I’ve been returning to the roots of writing practice lately.
To the book I bought and cracked open as I was crossing the Georgia Strait between Tsawwassen and Vancouver Island on my way to Salt Spring Island, circa 1993.
Back then, as I read the first pages of Writing Down the Bones by Natalie Goldberg, a pair of killer whales breached near the ferry’s wake.
First published in 1986, the book pre-dates the Internet, and because of that, I’ve been finding it particularly useful.
It’s helping me remember one of the fundamentals of a creative life that, these days, it’s too easy to fight against and try to remedy, assuming it’s an ailment that needs a cure in this age of constant connection.
Writing is lonely.
That’s just the way it is.
Sitting in a room by yourself, fishing around in your head for story, for the fix for that particular phrasing, for the oh-so-important answer to the question what does this character want? is all intense, solo work.

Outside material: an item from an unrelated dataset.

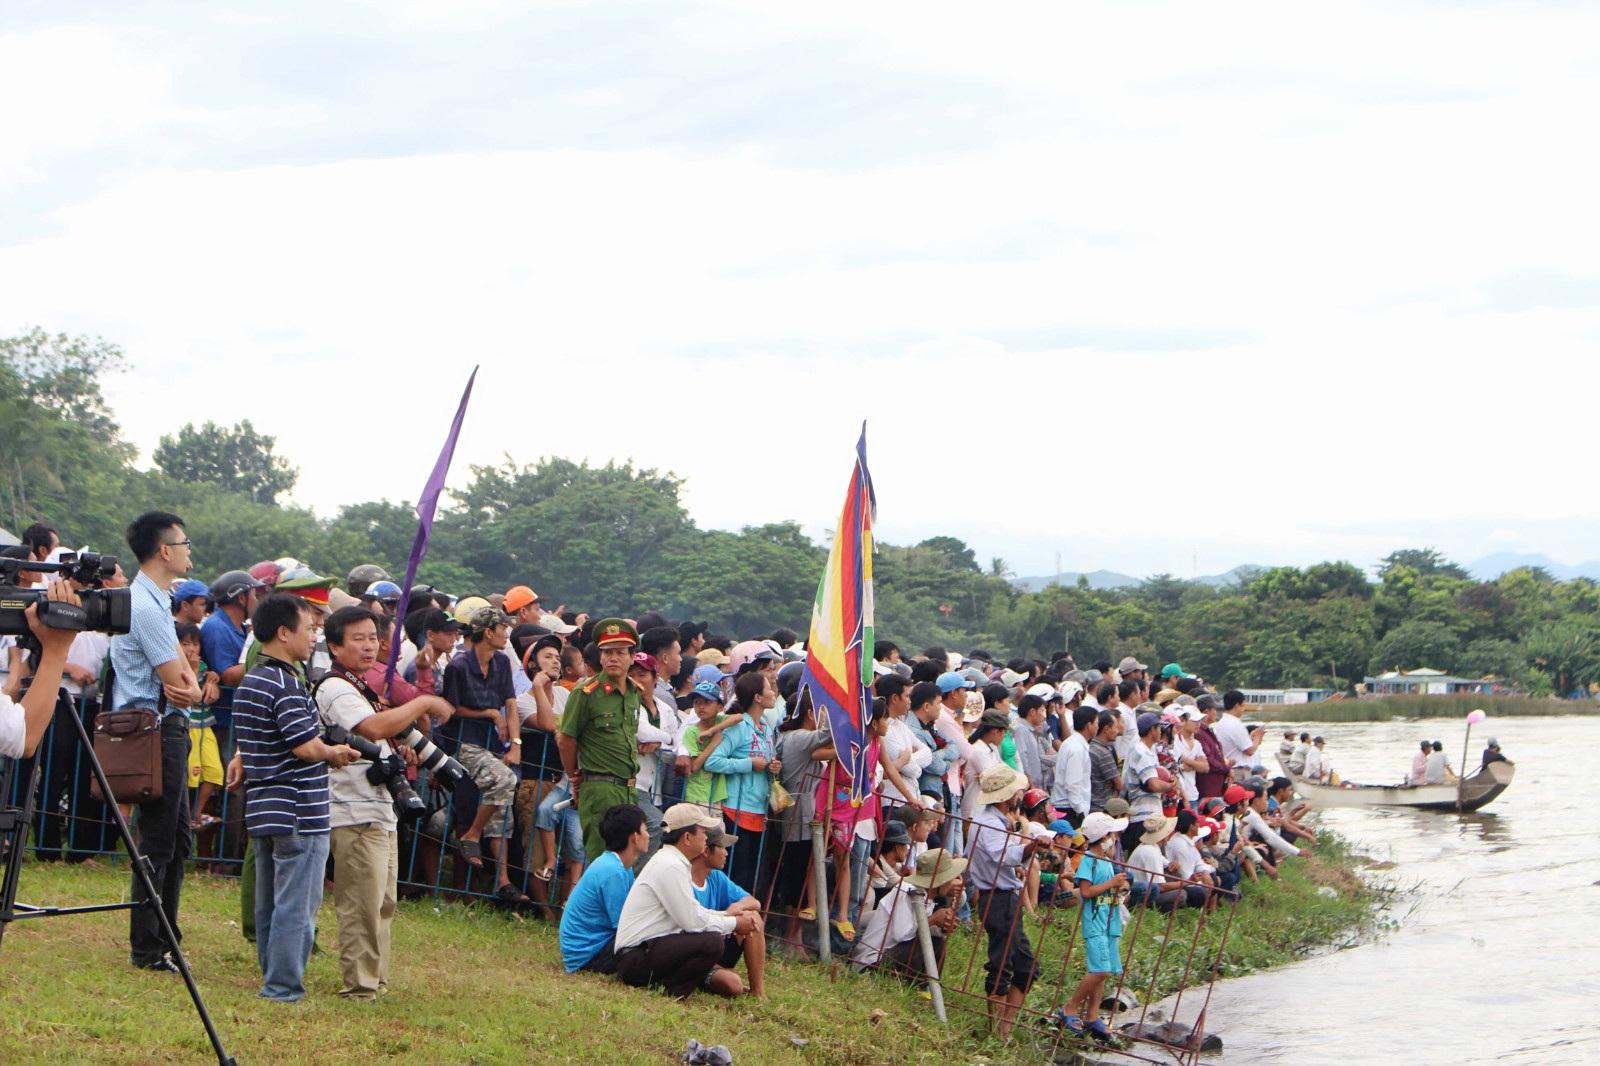 Đông đảo người dân và du khách đến xem và cổ vũ

And if we aren’t willing to go there, well, then nothing will get done.
Lately, I’ve been remembering this because my aloneness is so much more obvious sans the salve of social media.
Before, often, when I felt bored, uncertain, or, really, any other emotion, I’d readily turn to those “bright dings of pseudo-pleasure,” as Justin Rosenstein, co-inventor of the Facebook ‘like’ button, called the little thumbs up.

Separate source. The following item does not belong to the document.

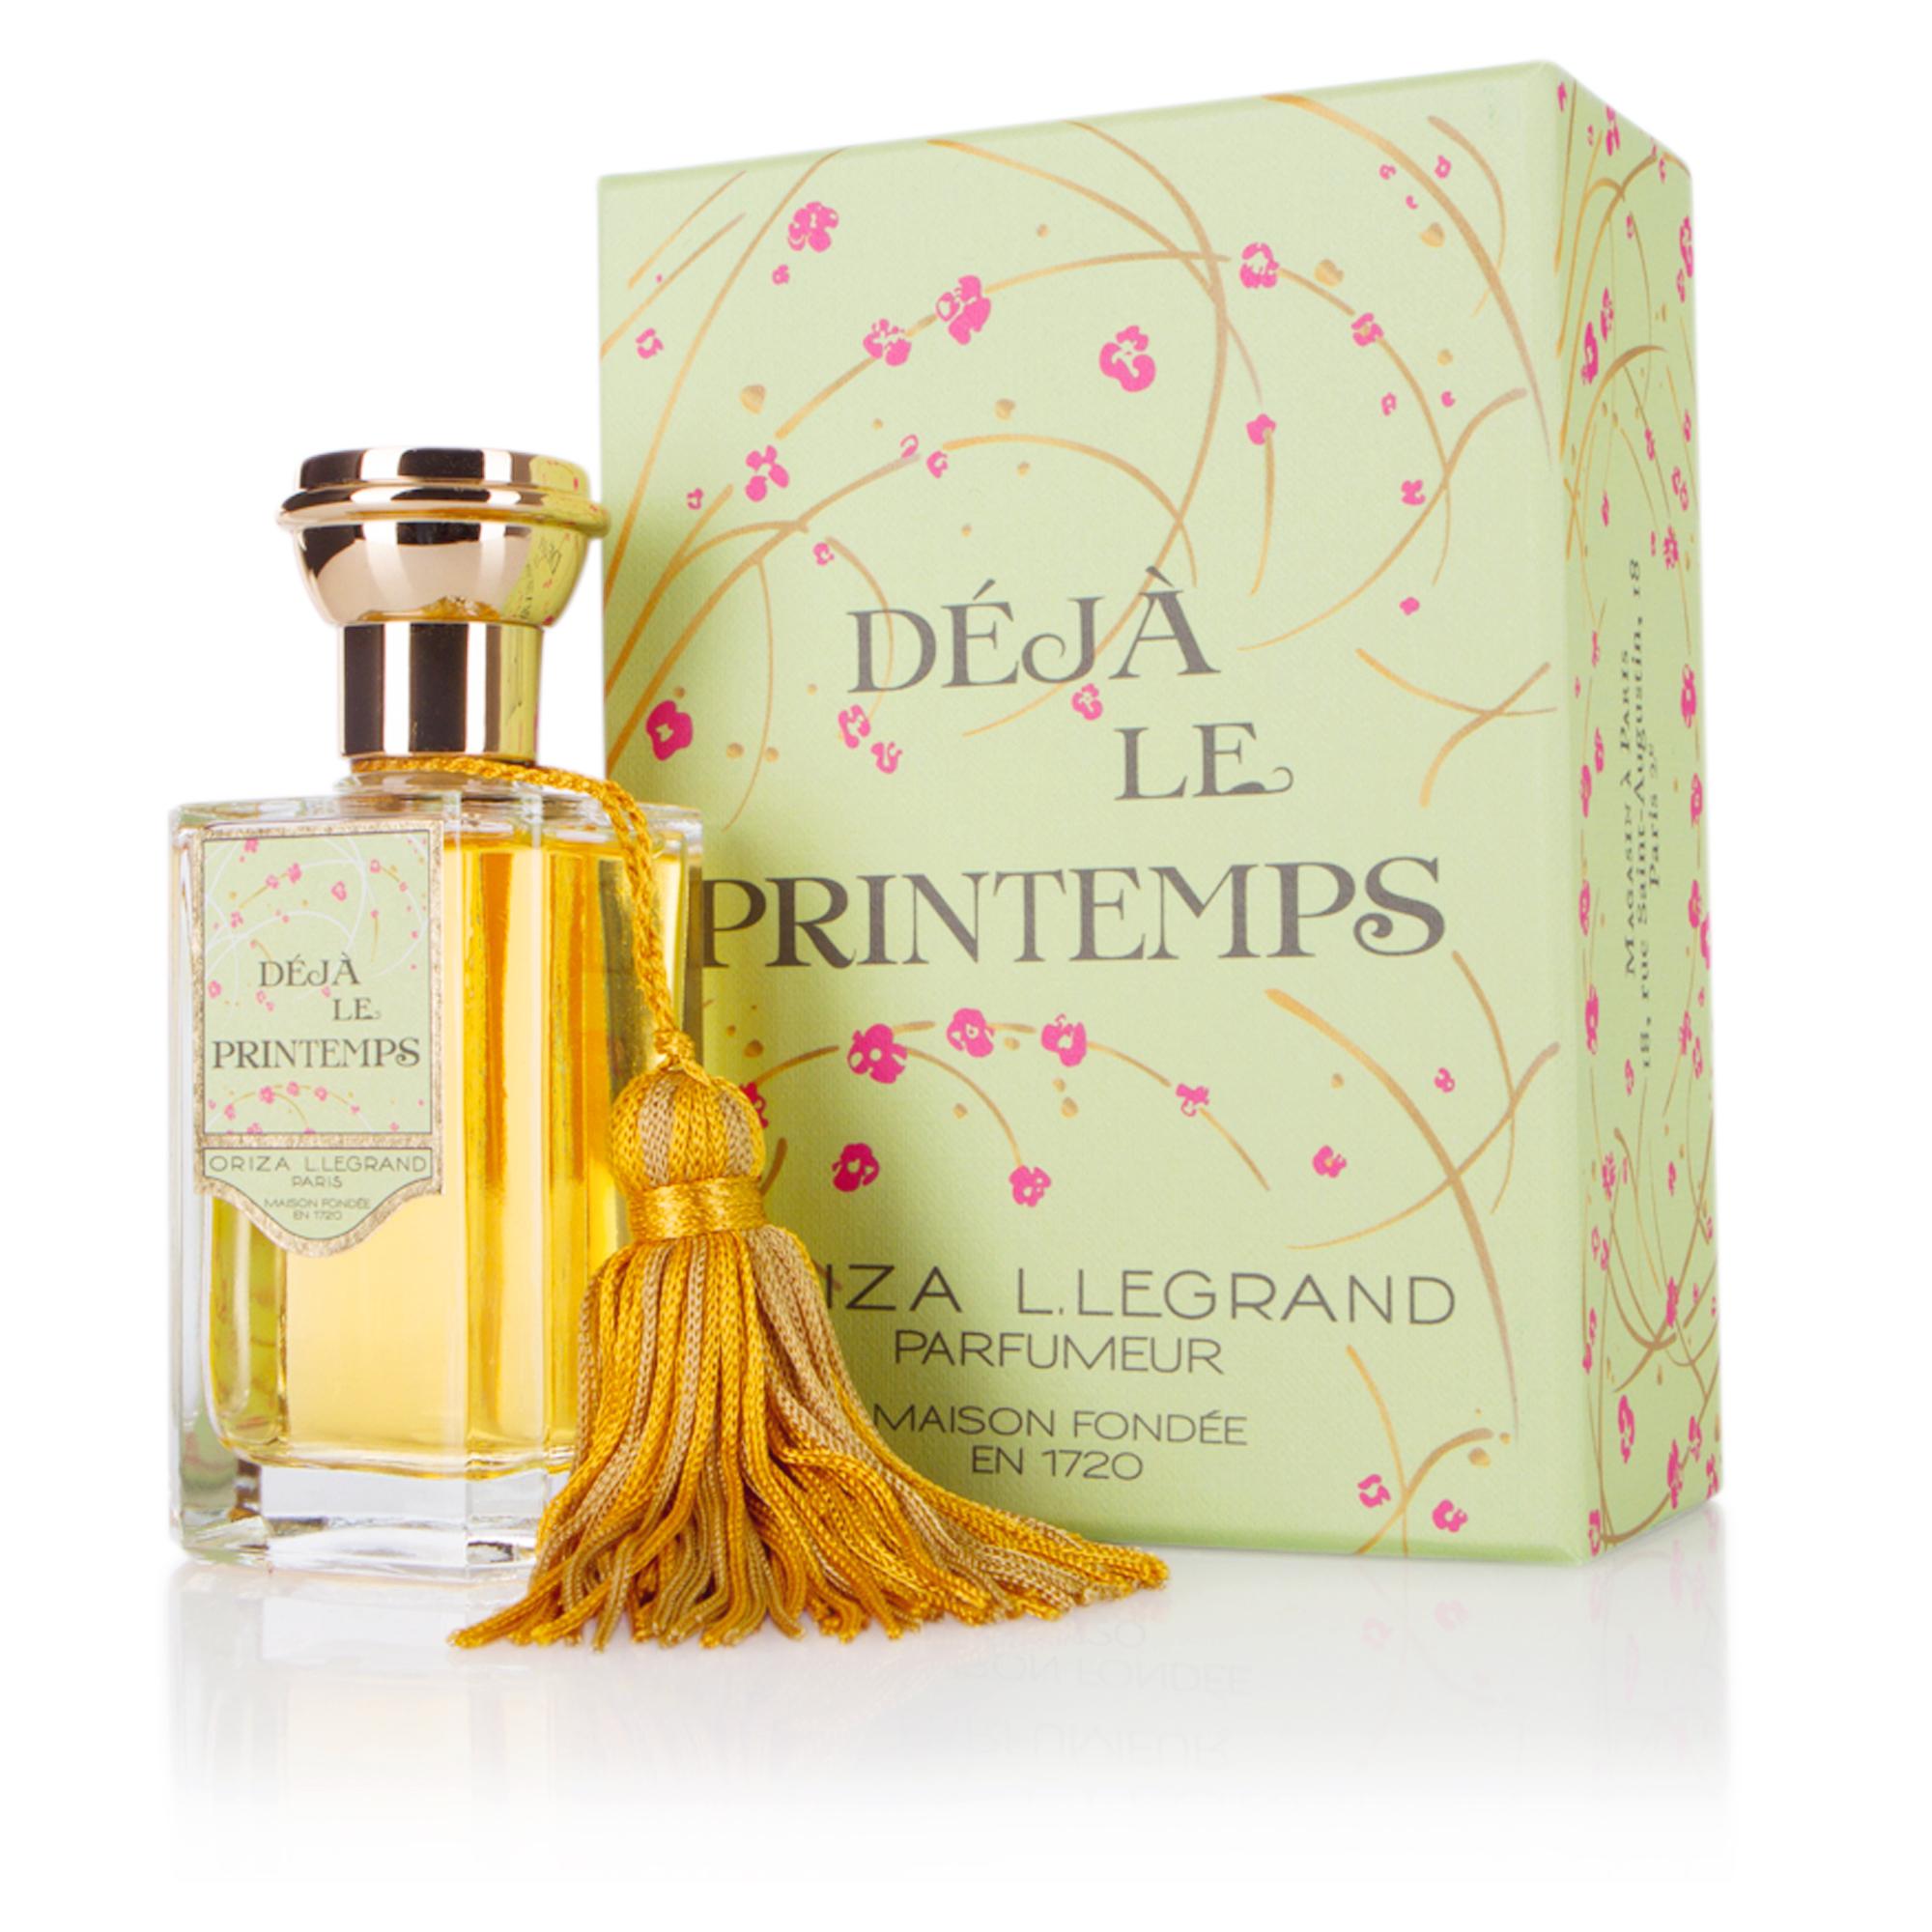 ORIZA L.LEGRAND Déjà Le Printemps Eau de Parfum 100 ml

These days, I don’t, and I feel different: calmer, more grounded, more connected to myself, definitely more connected with my writing, able to think more deeply.
Living like this and re-reading Natalie Goldberg, considering what life was like before Facebook, Twitter, etcetera, I’m remembering who I used to be.
Oh, yes, I’ve been thinking. I remember how this feels. I remember this particular trade-off: good work at the cost of isolation, at the cost of staying with discomfort, not bolting away.
Here’s how Natalie Goldberg describes it:
I took a picture of this because that’s me there, underlining vigorously, at the age of 20, knowing that feeling so well. The fear of no feeling. Of emptiness. That you’ve got nothing to say. The famine of thoughts that haunts so many of us. That used to send me flinging myself into Facebook.
Back when I was 20, that option didn’t exist. So, I’d pull out a pen. My journal. Follow her instructions: write anyway. And from there, that vacuum, that field of aloneness, some of the best stuff was birthed.
I know this, I remember this, because that’s where I’m living these days, again.
The option to bolt isn’t available.
But it’s worth it.
Of course, there’s another aspect to this.
And that’s the thinking I’ve been doing about how I want my reality to look. Hint: not me as a weird hermit-writer, reliant on my dog with impulse-control issues and my husband as my sole means of immediate emotional support.
But, rather, sharing time with an assortment of other humans – something that takes effort when you work from home and when you’ve moved to a new community.
So, over the past few days, I’ve done some stuff: a felting workshop, dinner and a reading with a friend, and a writing session with a few other local writers in the quiet, peaceful living room of a hundred-year-old house.
And this Sunday, I’ll be opening my own virtual doors for my very first ‘office hour.’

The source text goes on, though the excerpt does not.